Matt Taibbi in the Guardian yesterday:
...There have been a lot of greedy financiers and banks in history, but what makes Goldman stand out is its truly bizarre cultist/religious belief in the rightness of what it does.
The point was driven home in England last year, when Goldman's international adviser, sounding exactly like a character in Atlas Shrugged, told an audience at St Paul's Cathedral that "The injunction of Jesus to love others as ourselves is an endorsement of self-interest". A few weeks later, Goldman CEO Lloyd Blankfein told the Times that he was doing "God's work".
Even if he stands to make a buck at it, even your average used-car salesman won't sell some working father a car with wobbly brakes, then buy life insurance policies on that customer and his kids. But this is done almost as a matter of routine in the financial services industry, where the attitude after the inevitable pileup would be that that family was dumb for getting into the car in the first place. Caveat emptor, dude!

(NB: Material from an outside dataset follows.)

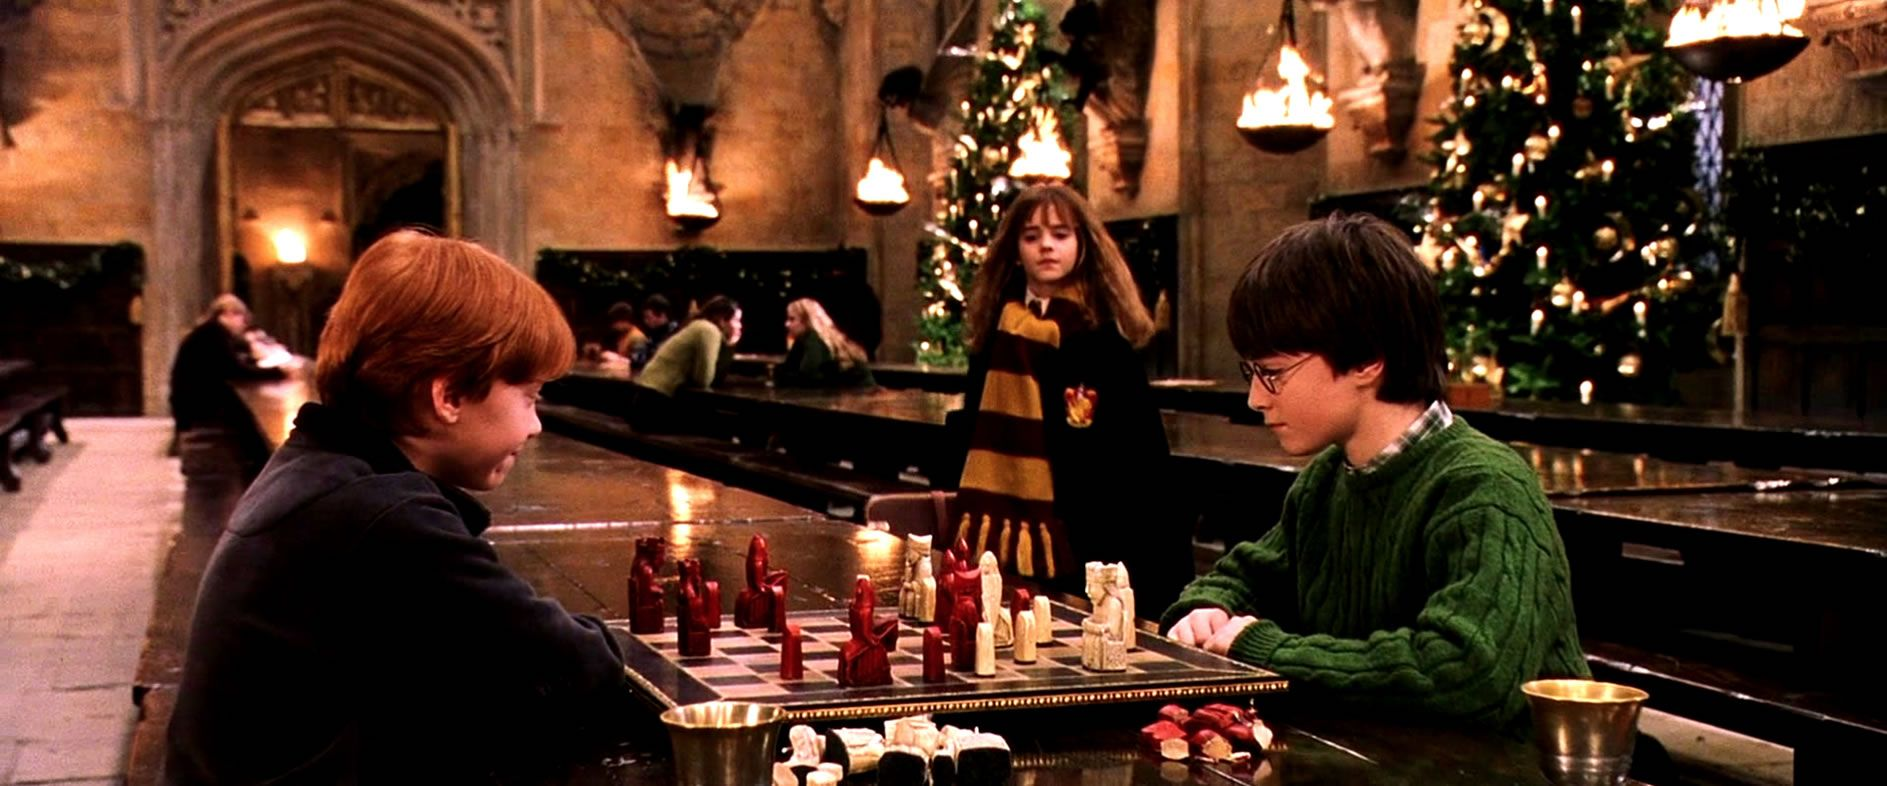 Harry Potter Christmas.Harry Potter Christmas Dinner At Studio Tour Hogwarts Collider

People have to understand this Randian mindset is now ingrained in the American character. You have to live here to see it. There's a hatred toward "moochers" and "parasites" – the Tea Party movement, which is mainly a bunch of pissed off suburban white people whining about minorities consuming social services, describes the battle as being between "water-carriers" and "water-drinkers". And regulation of any kind is deeply resisted, even after a disaster as sweeping as the 2008 crash.
This debate is going to be crystallised in the Goldman case. Much of America is going to reflexively insist that Goldman's only crime was being smarter and better at making money than IKB and ABN-Amro, and that the intrusive, meddling government (in the American narrative, always the bad guy!) should get off Goldman's Armani-clad back. Another side is going to argue that Goldman winning this case would be a rebuke to the whole idea of civilisation – which, after all, is really just a collective decision by all of us not to screw each other over even when we can. It's an important moment in the history of modern global capitalism: whether or not to move forward into a world of greed without limits.
θέλημα is the will of a god, alright, but one suspects the sophisticated Mr. Blankfein, like the rest of his bank$ter cronies, is totally clueless about exactly which side of the Force he serves.